Your objective: Quote each line of the material verbatim, without the pictures.
═══ Information provided ═══
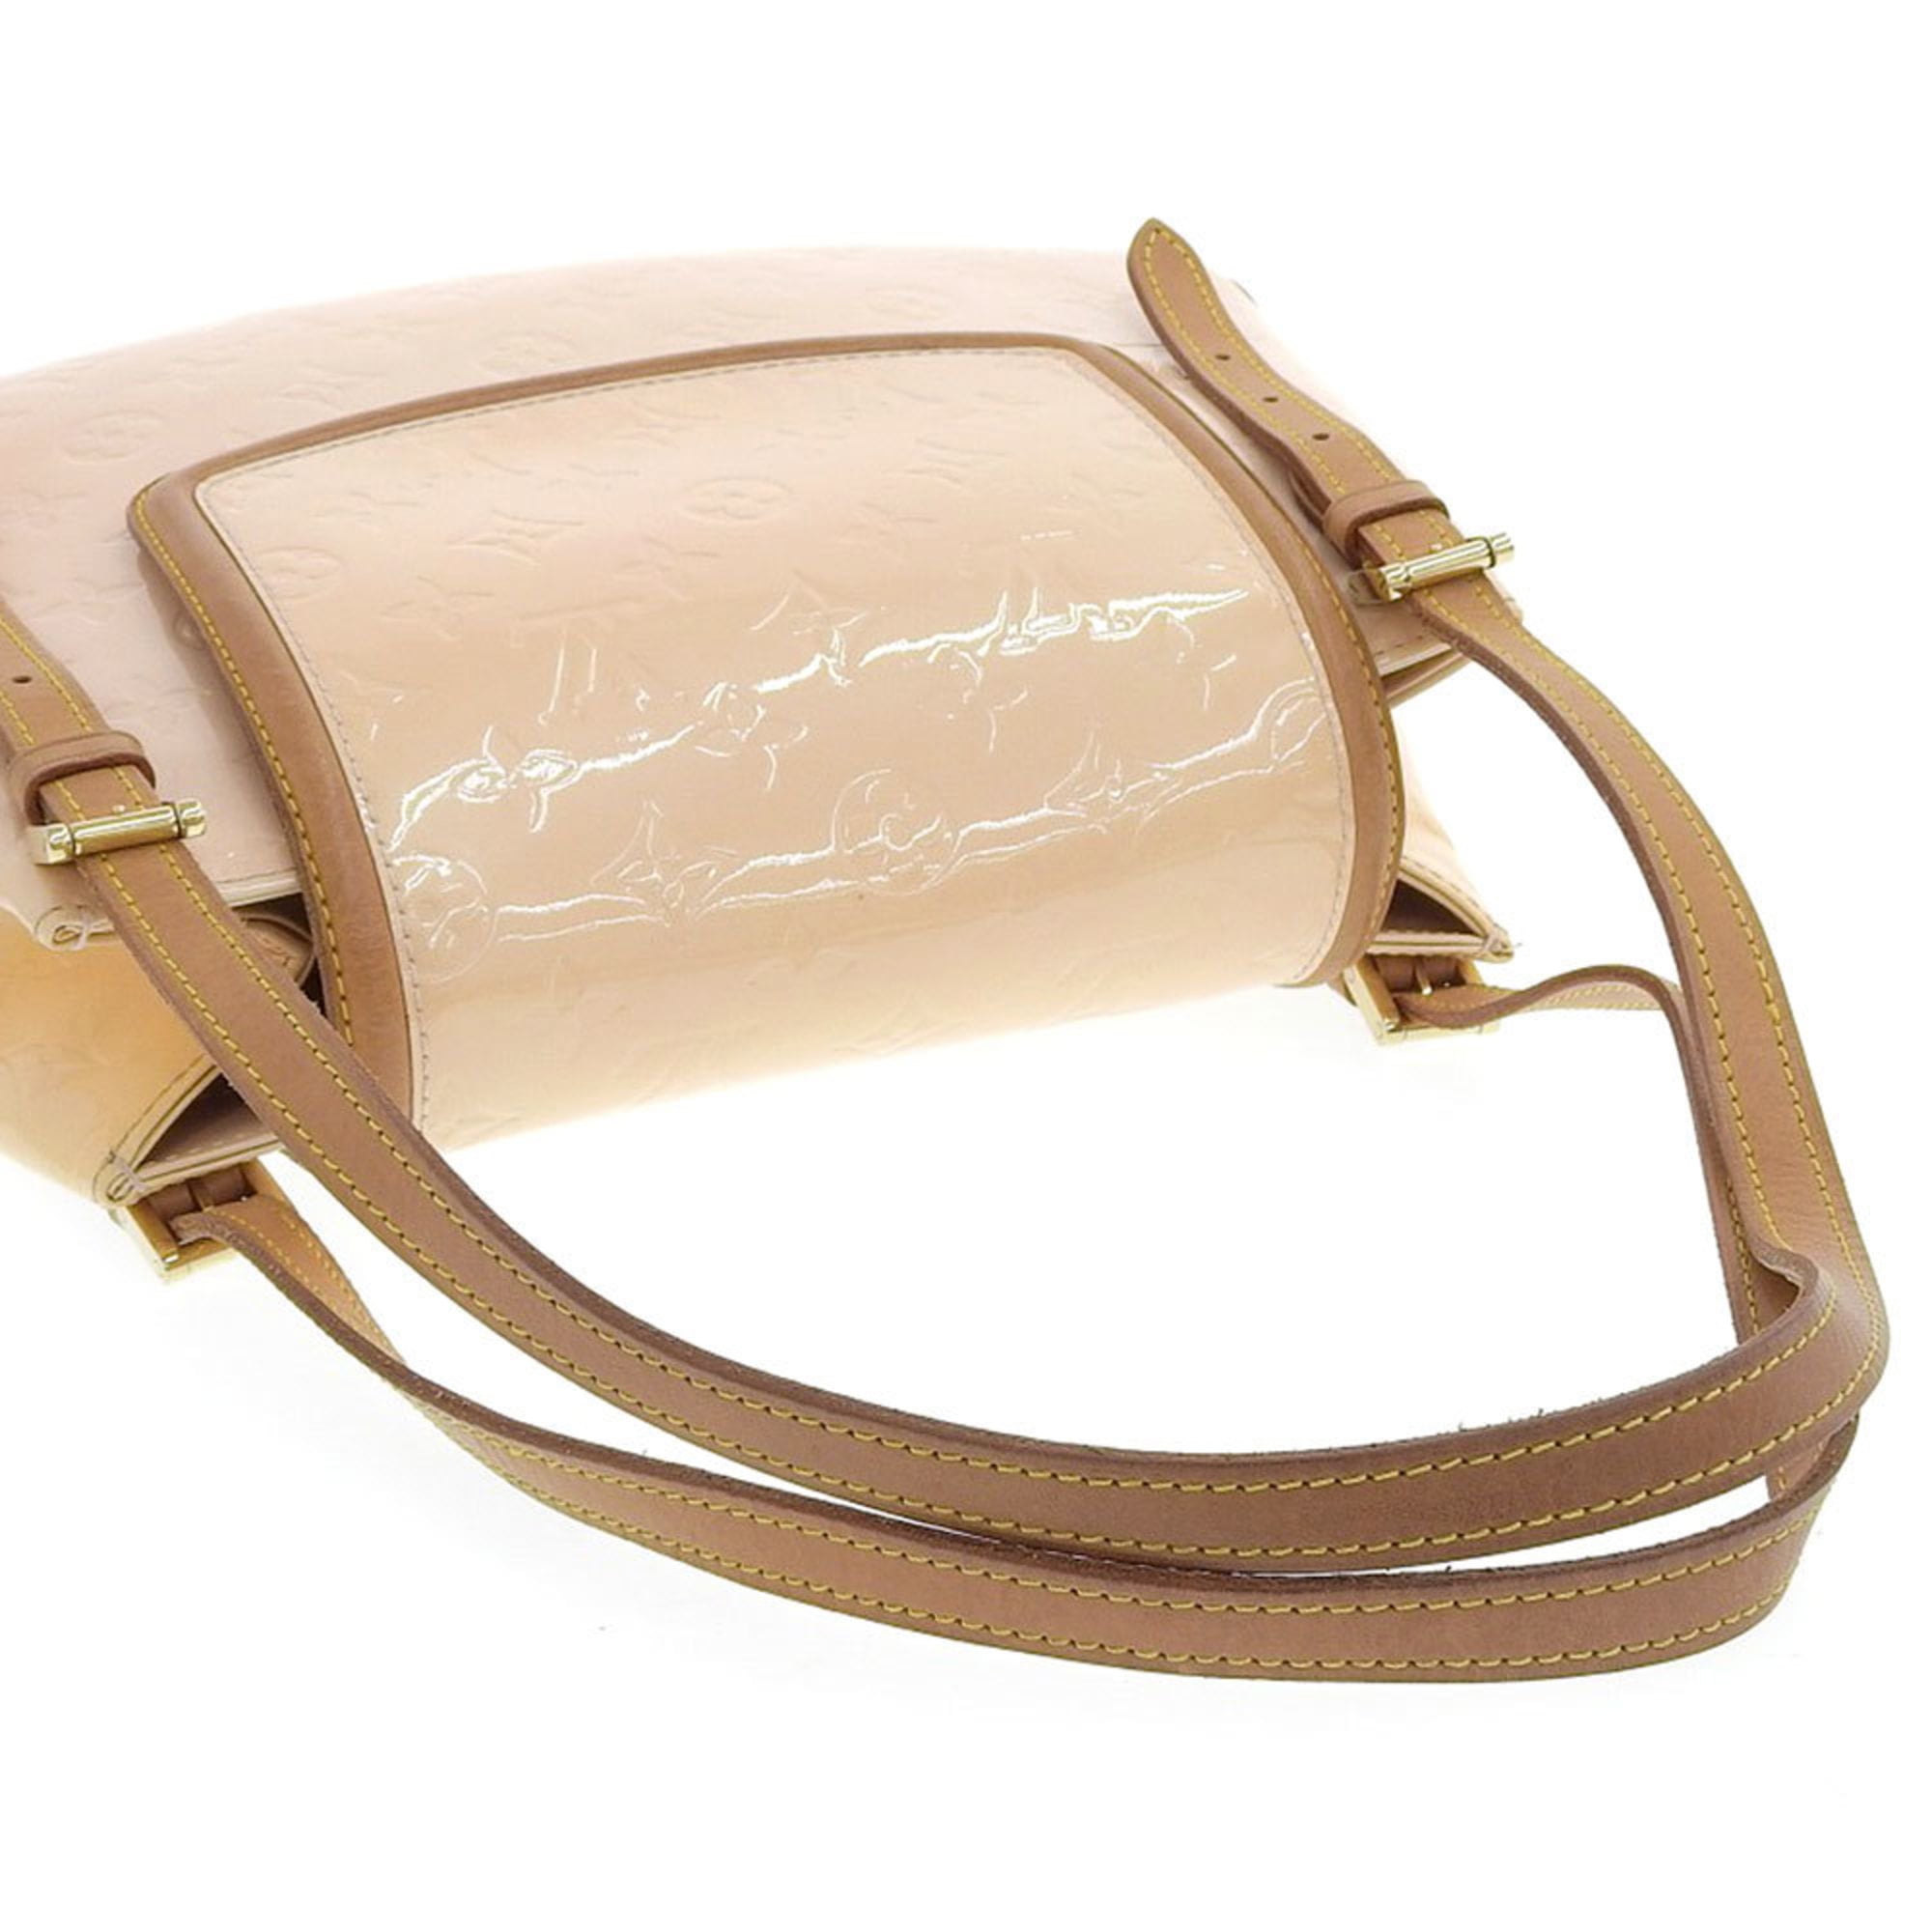 Louis Vuitton Vernis Mallory Square Bag - White Shoulder Bags, Handbags -  LOU114740
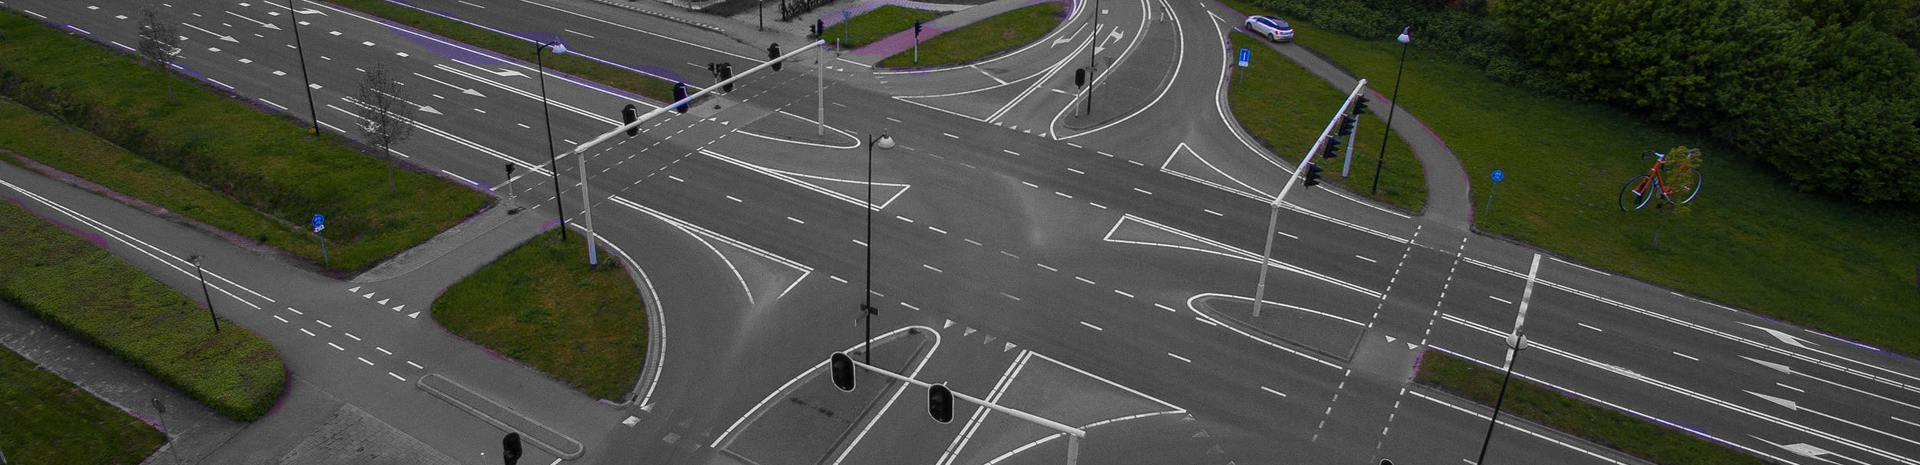 Het aantal verkeersongelukken op kruispunten neemt toe | LetselPro
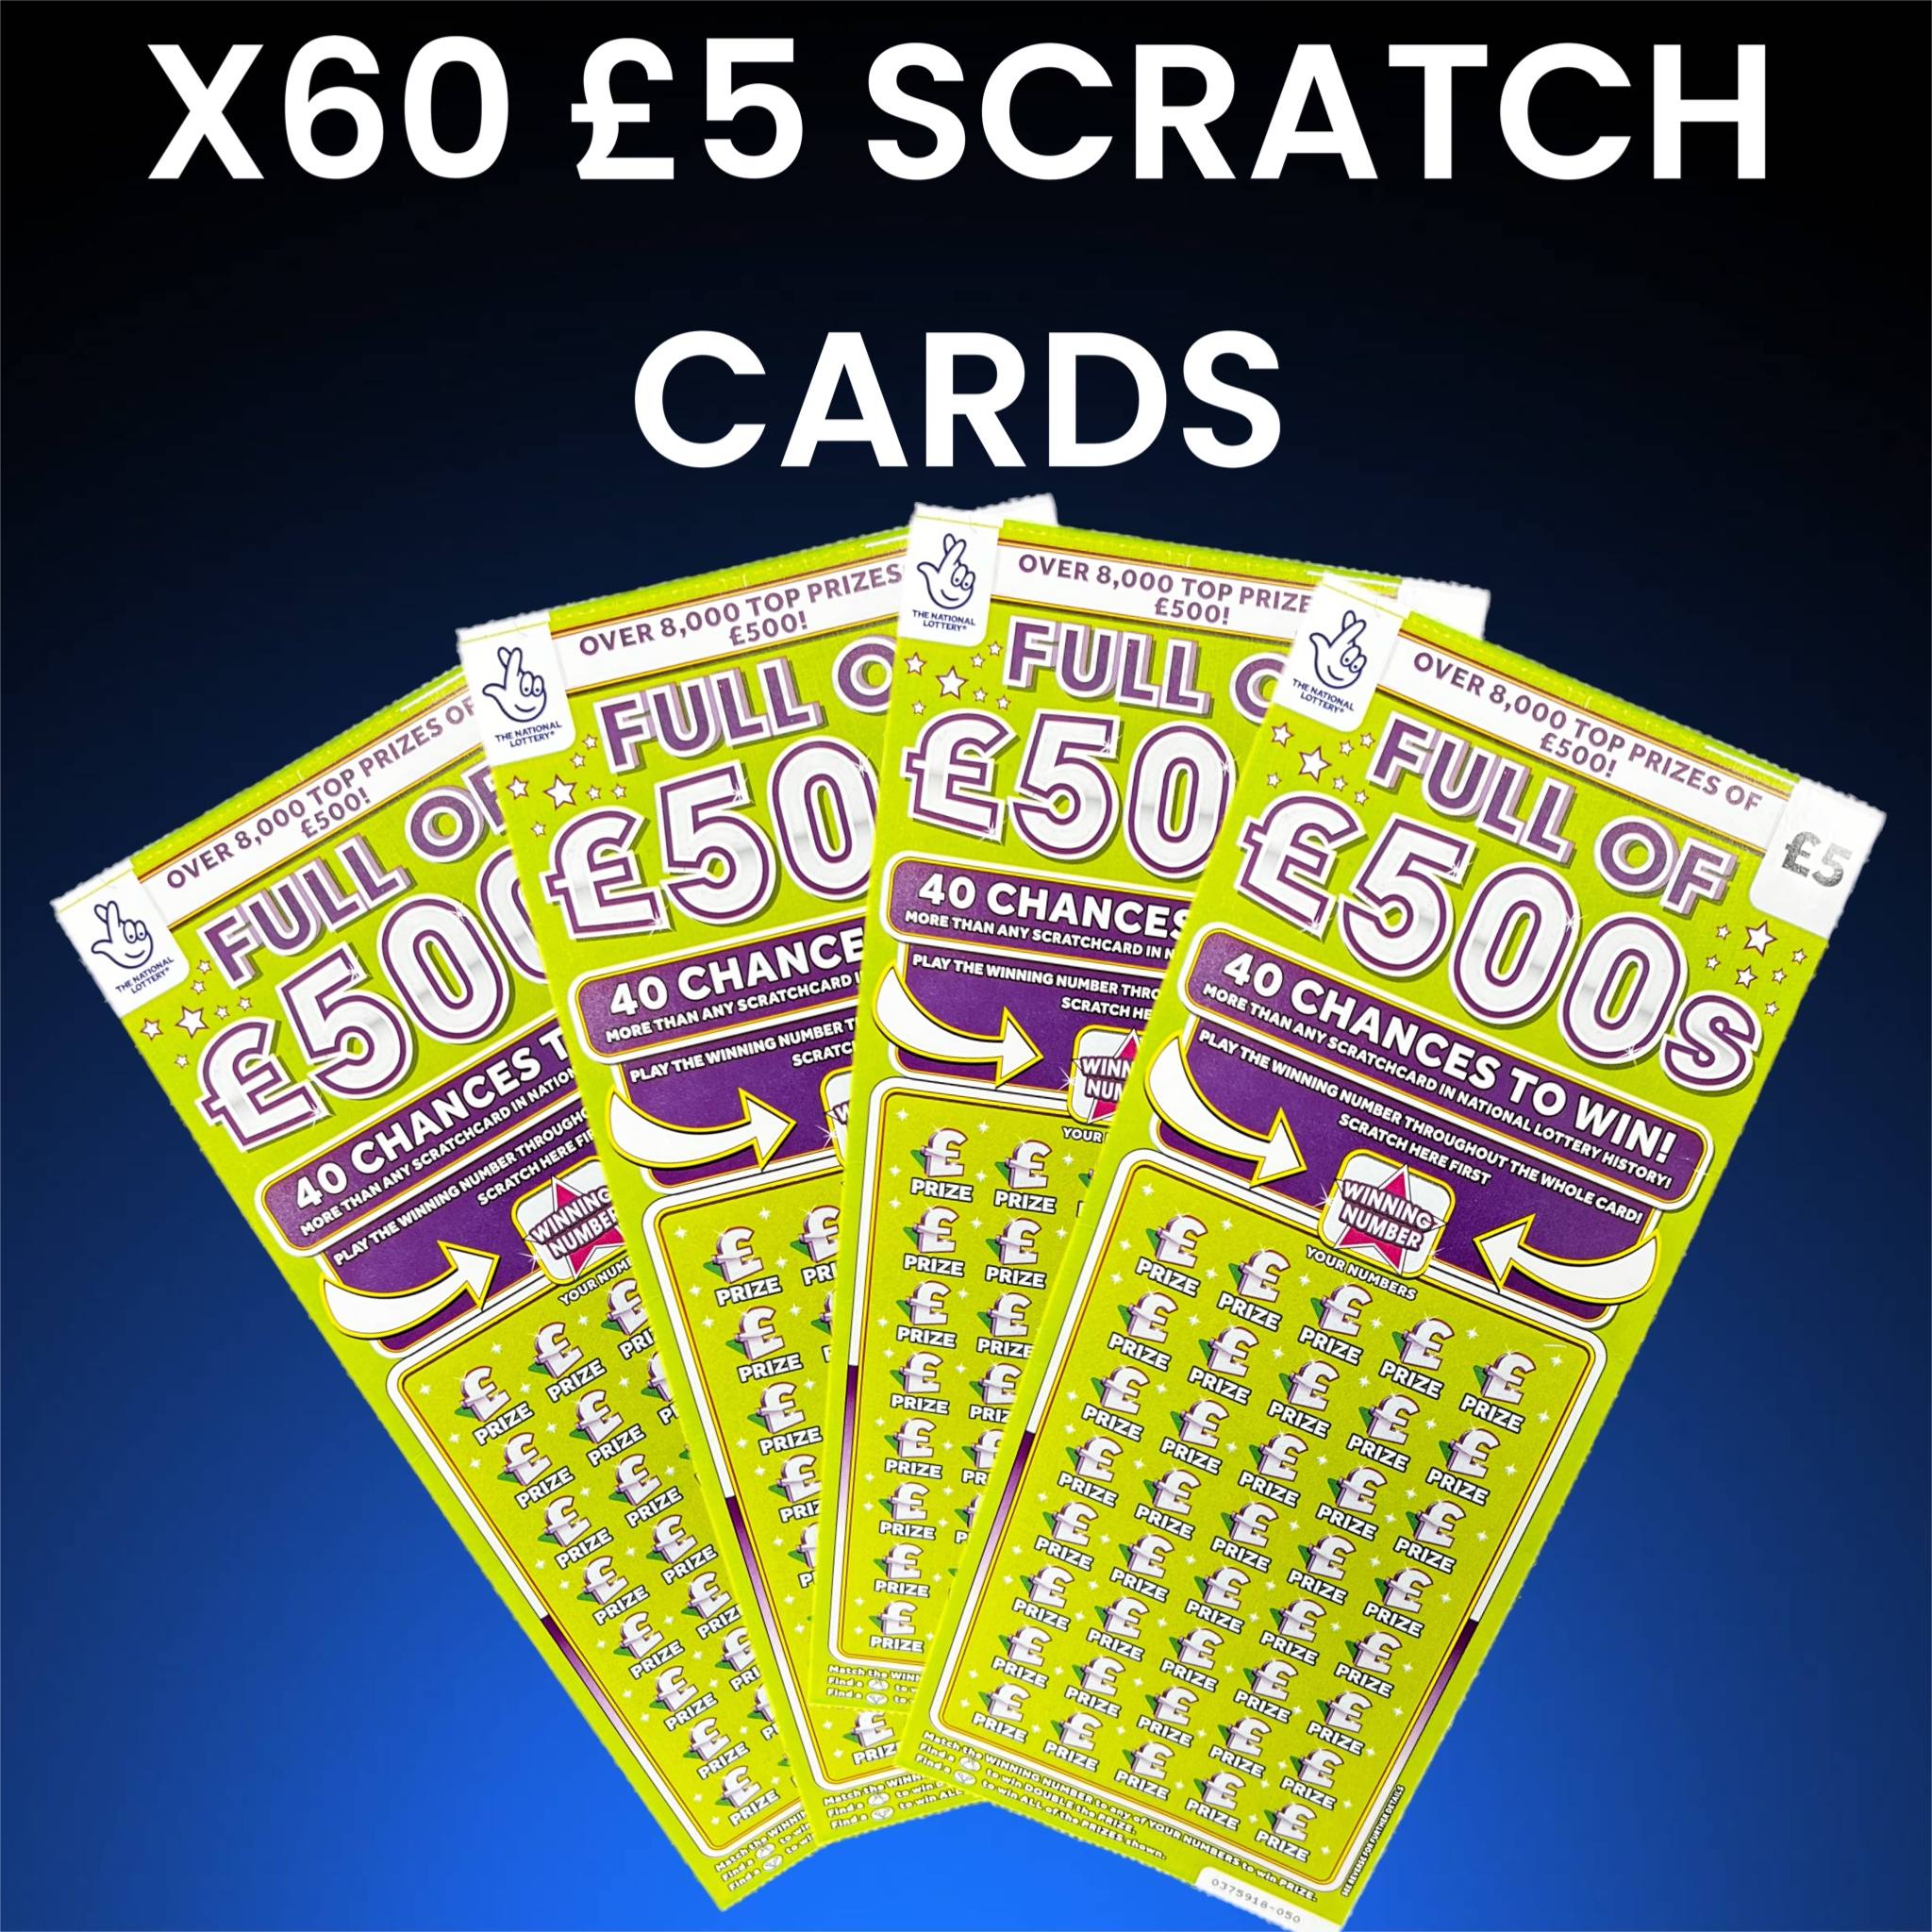 X60 £5 Scratch cards
═══
Answer to this task:
 Louis Vuitton Vernis Mallory Square Bag - White Shoulder Bags, Handbags -  LOU114740
 Het aantal verkeersongelukken op kruispunten neemt toe | LetselPro
 X60 £5 Scratch cards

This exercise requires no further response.